Still, don't pass up the opportunity to experience a well-crafted story and the kind of tale where the imagery stays with you long after the final page. I rode along with Abbey's alter-ego Henry Lightcap, sitting on the front seat next to his steadfast, last companion and ate up the miles from Tucson to that place of green hills, back East. Along the way, I too recalled my first love, the life I might have had and the chances I took that didn't quite turn out the way I'd planned. Sometimes it was a painful journey, sometimes wistful, but in the end after all was said and done, like Henry, I too felt refreshed, newly awakened and excited to learn what the future holds.

This book offers glimpses into the life of a person who even at the very end doesn't feel the need to say "I wish I'd done it differently." We know he'd have done some things differently. That's not the point. The point Abbey makes through Henry is that it's critical to recognize the value of the things we do when we do them. Reach out to the person you care about, take the chance or opportunity when it's presented, look for the beauty in the things that make you feel at peace with yourself. Abbey knows, it's not always an easy road but the journey is what makes the destination.
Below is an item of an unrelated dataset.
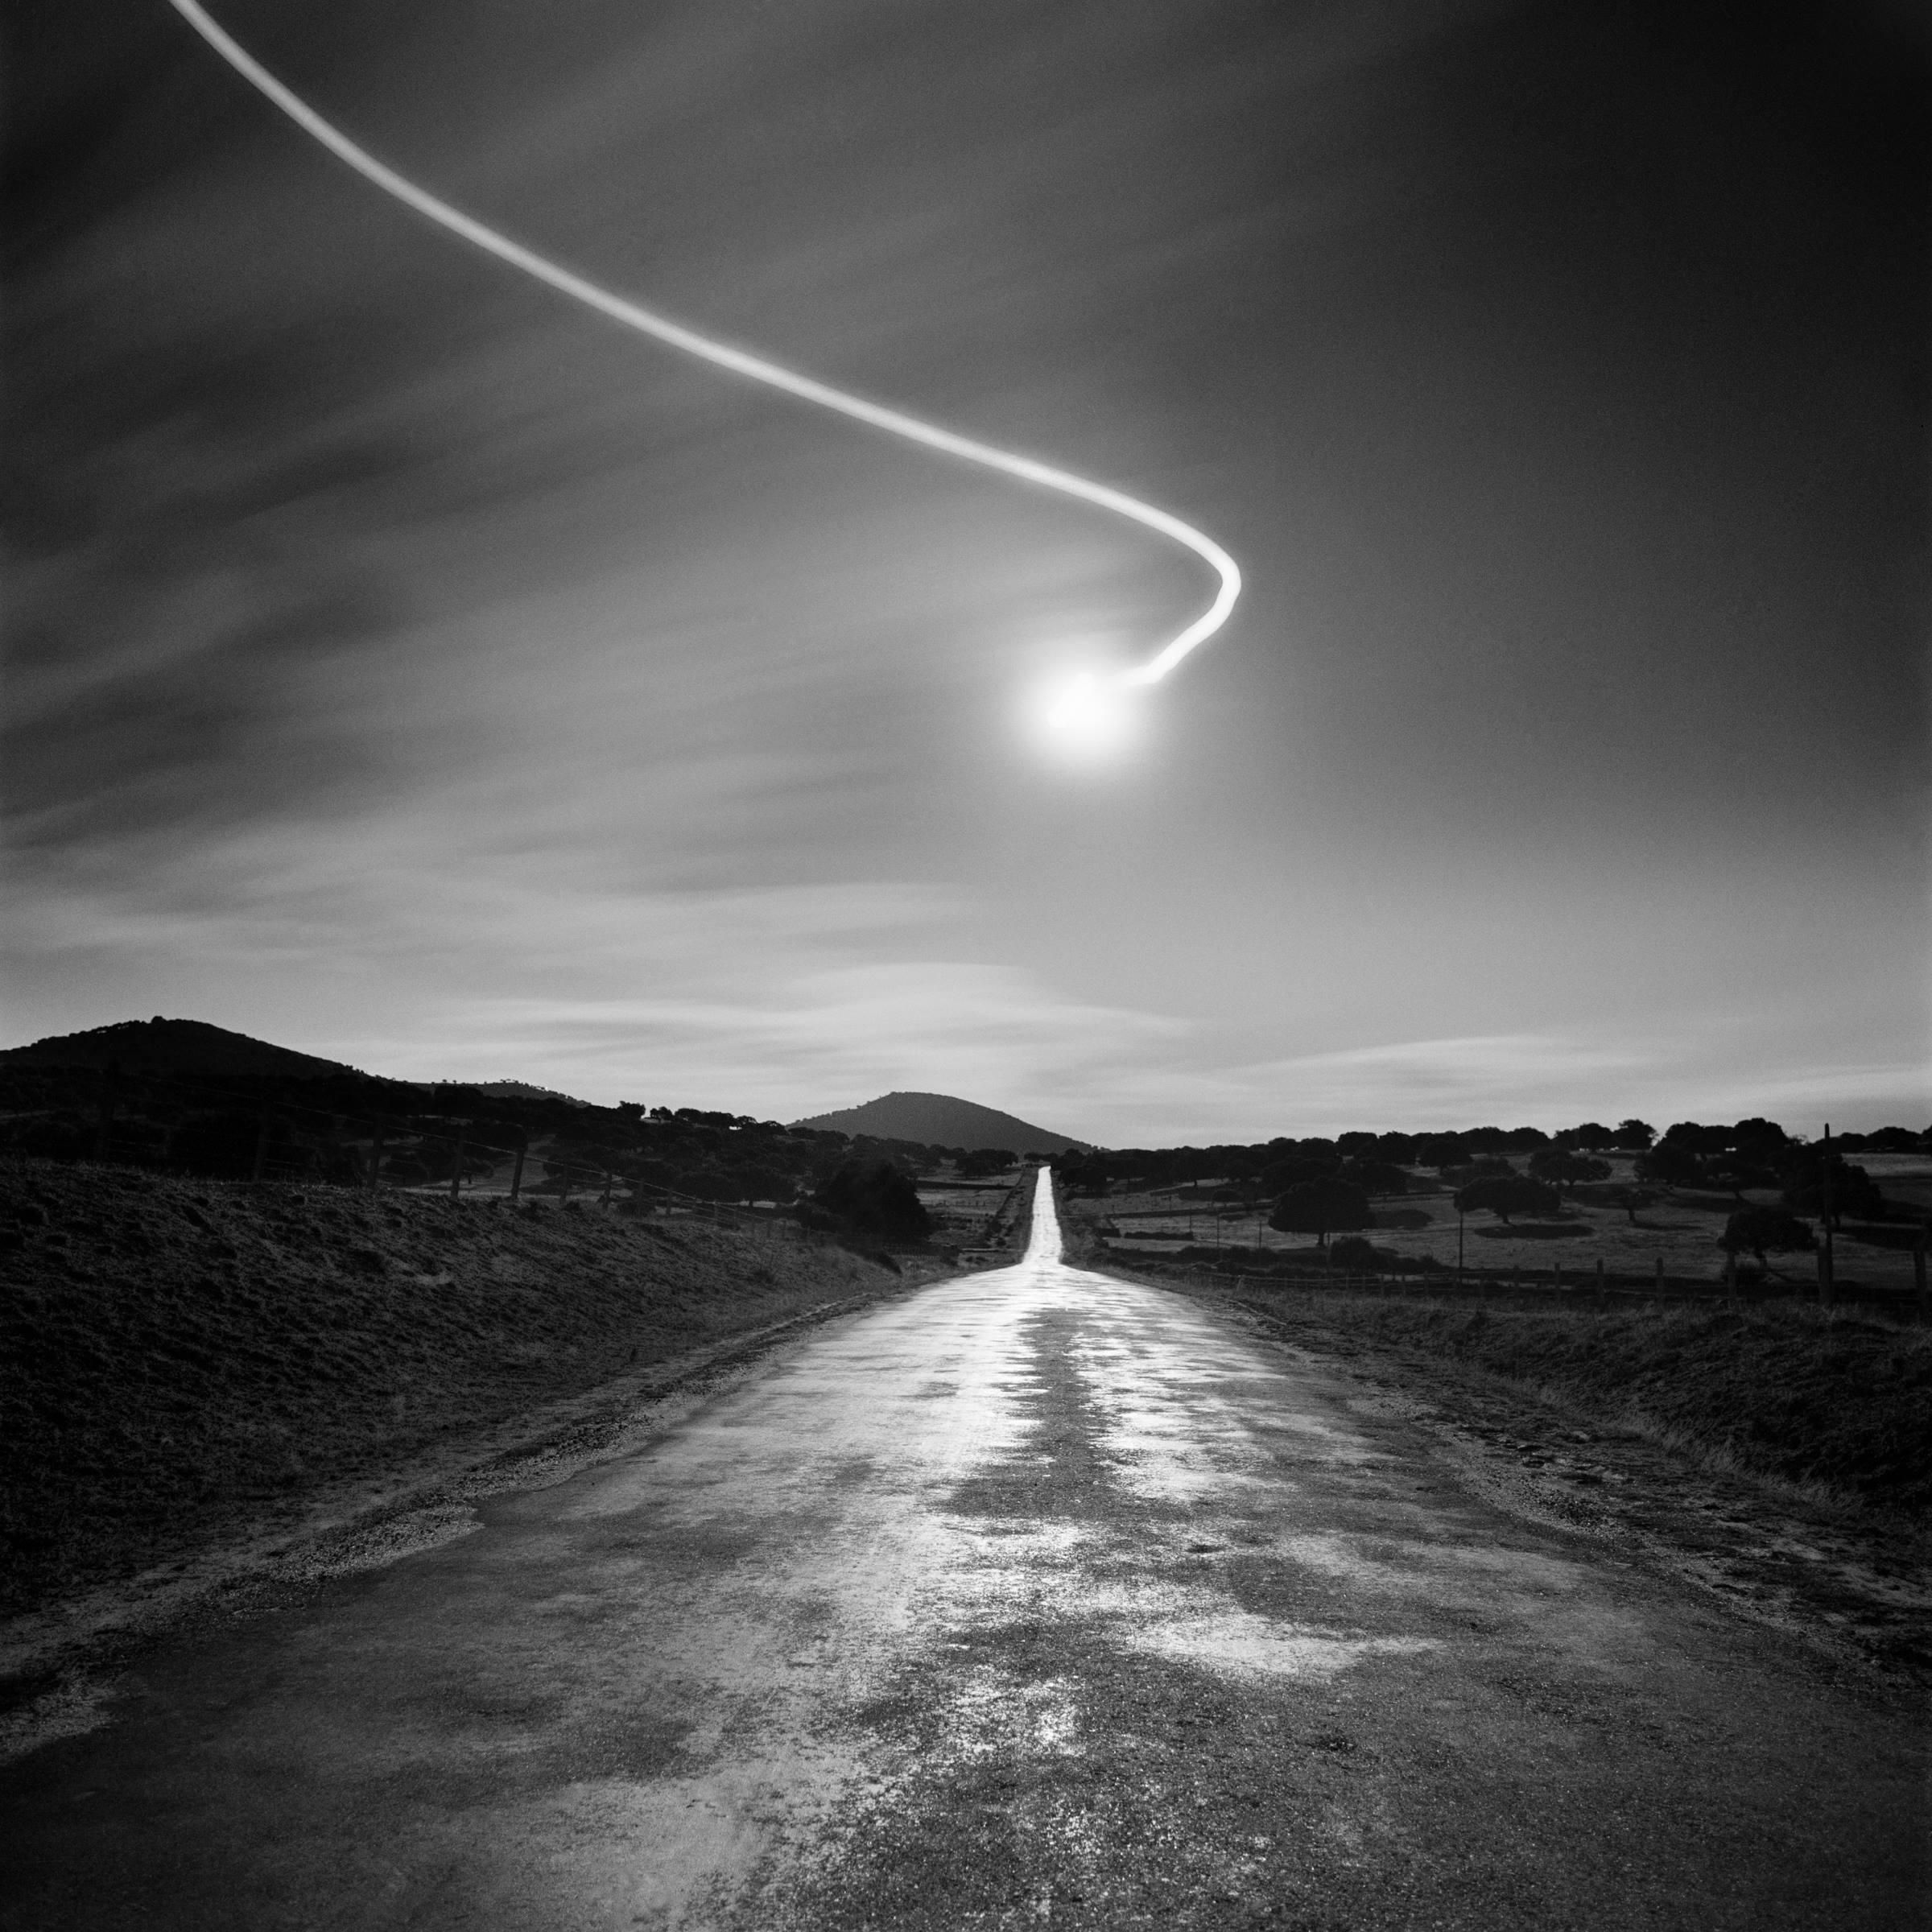 Carretera de Cespedosa, 1987<br/>Virado al sulfuro / Sulfide Toner

In sum, Abbey has crafted the kind of high quality story that in the end reminds the reader that we can only be ourselves, warts and all. Let's be honest, the warts are often the most interesting parts.
7 of 7 people found the following review helpful
5.0 out of 5 stars Maybe the best novel ever written 5 Jan 2005
By Brian G. Deblanc - Published on Amazon.com
I have loaned Fool's Progress out more times than I can remember, to all sorts of people, always with the stipulation that the person has to either read it or return it quickly. It's not a book to lose, but one to carry with you on long outdoor adventures: the more dog-eared, the better. Without fail, the response of people who borrowed & read it has followed a progression of illumination not unlike the one presented by Abbey himself: 1) geez, this guy is a pig!; 2) Well, he's a pig, but I sort of understand how he got to where he is; 3) I get it, and I understand the protagonist. This is a fantastic novel.

Every time. I never ever want to be without a copy of Fool's Progress.